The rate of antibiotic resistance is increasing faster than the development of new compounds for clinical practice. In an extremely short period, resistance to antibiotics has become a significant cause of disease and death globally (Penesyan et al., 2015; Brown and Wright, 2016; Hamilton and Wenlock, 2016). Limited success in collective research efforts to synthesize novel and efficient compounds has contributed to the drug-resistance scenario we are now facing and to the lack of new and efficient treatment options.

The first antibiotics were produced through screening soil microorganisms. However, by the 1960s, this limited resource of cultivable bacteria had been overexploited (Lewis, 2012). Synthetic approaches to produce antibiotics have been unable to replace this platform. Uncultured bacteria, which make up 99% of all species in external environments, emerge as a potent source of new antibiotics (Kaeberlein et al., 2002; Nichols et al., 2010; Fang et al., 2012).

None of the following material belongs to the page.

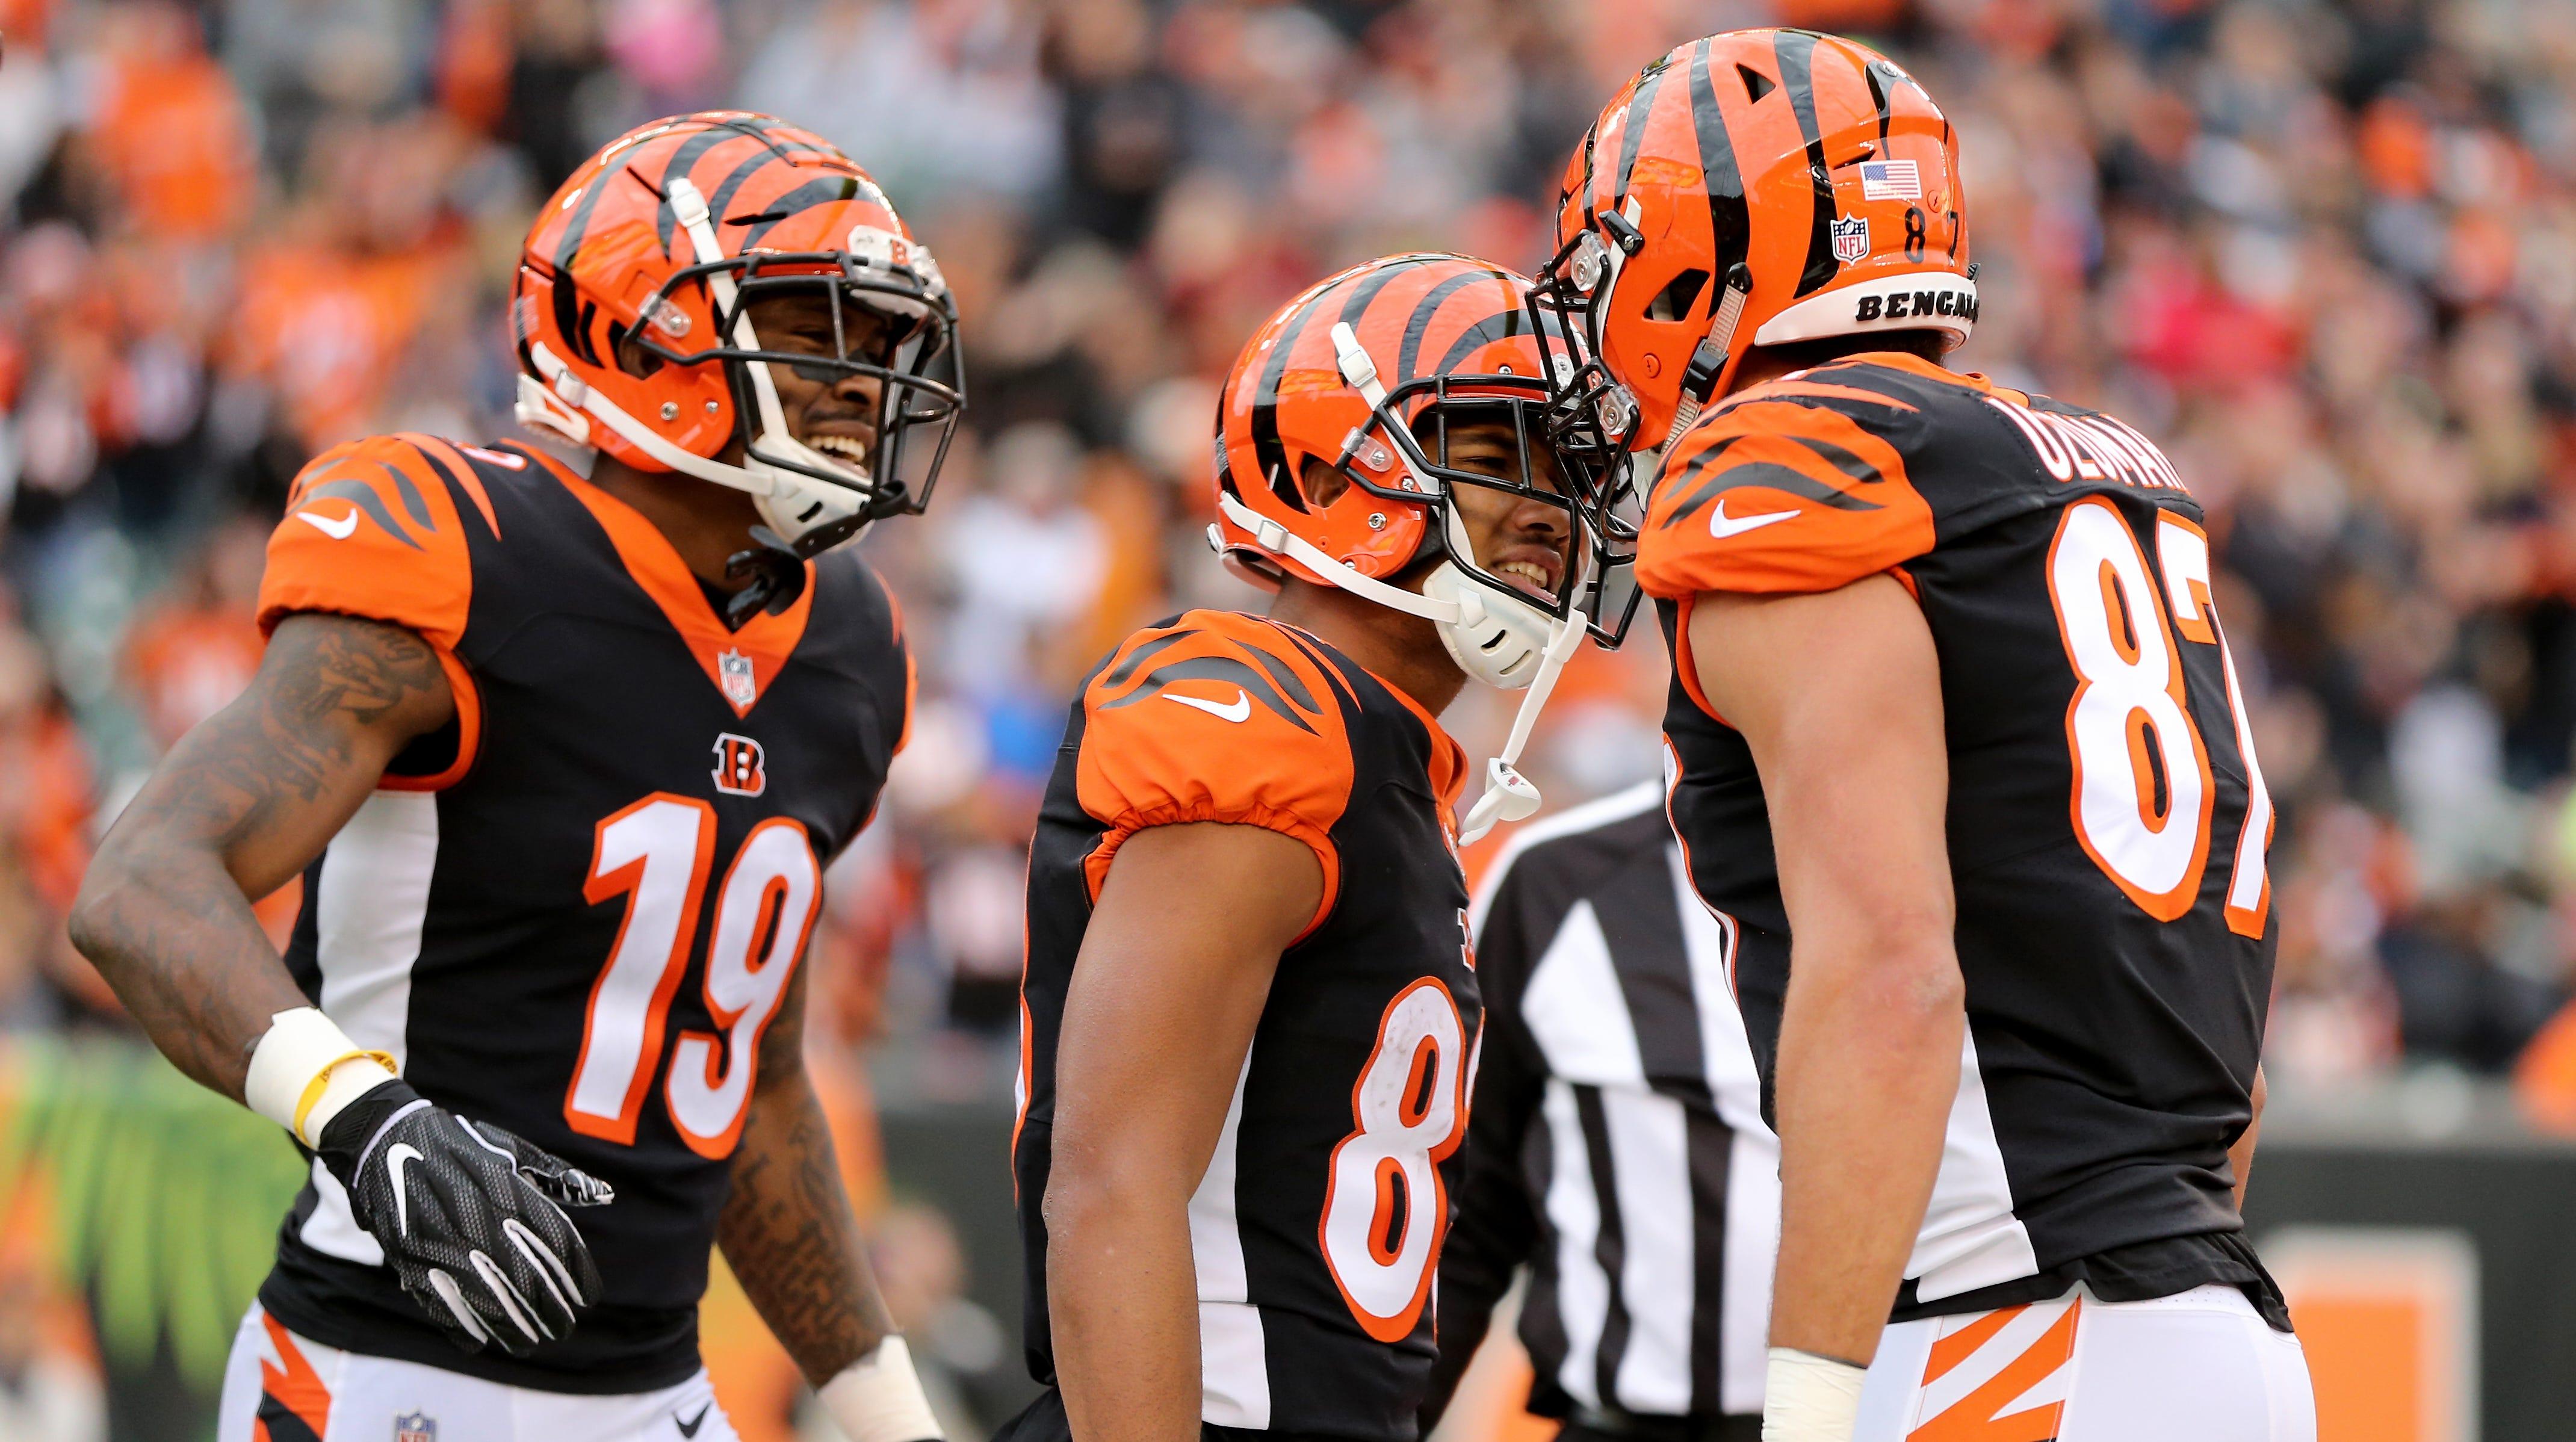 Cincinnati Bengals Vs Denver Broncos Tv Odds History And More

Teixobactin (1, Figure 1) is a new class of antibiotic that was discovered through the screening of uncultured bacteria using i-Chip (isolation chip), a revolutionary method for bacterial culture (Ling et al., 2015; Piddock, 2015; von Nussbaum and Süssmuth, 2015). Teixobactin was identified as an effective agent against Gram-positive bacteria. It inhibits cell wall synthesis by binding to two lipid cell wall precursors, namely lipid II (peptidoglycan precursor) and lipid III (teichoic acid precursor) (Ling et al., 2015; Homma et al., 2016). Vancomycin also targets lipid II. However, taking into account that Teixobactin has been demonstrated to be active against vancomycin-resistant enterococcus (VRE), its binding is through a different region compared to that of the Vancomycin. In this regard, biochemical assays have demonstrated that teixobactin binds the pyrophosphate and the first sugar moiety present in both, lipid II and lipid III (Ling et al., 2015).

FIGURE 1

FIGURE 1. Chemical structure of Teixobactin and derivatives (1, 2, 3, 4, and 5).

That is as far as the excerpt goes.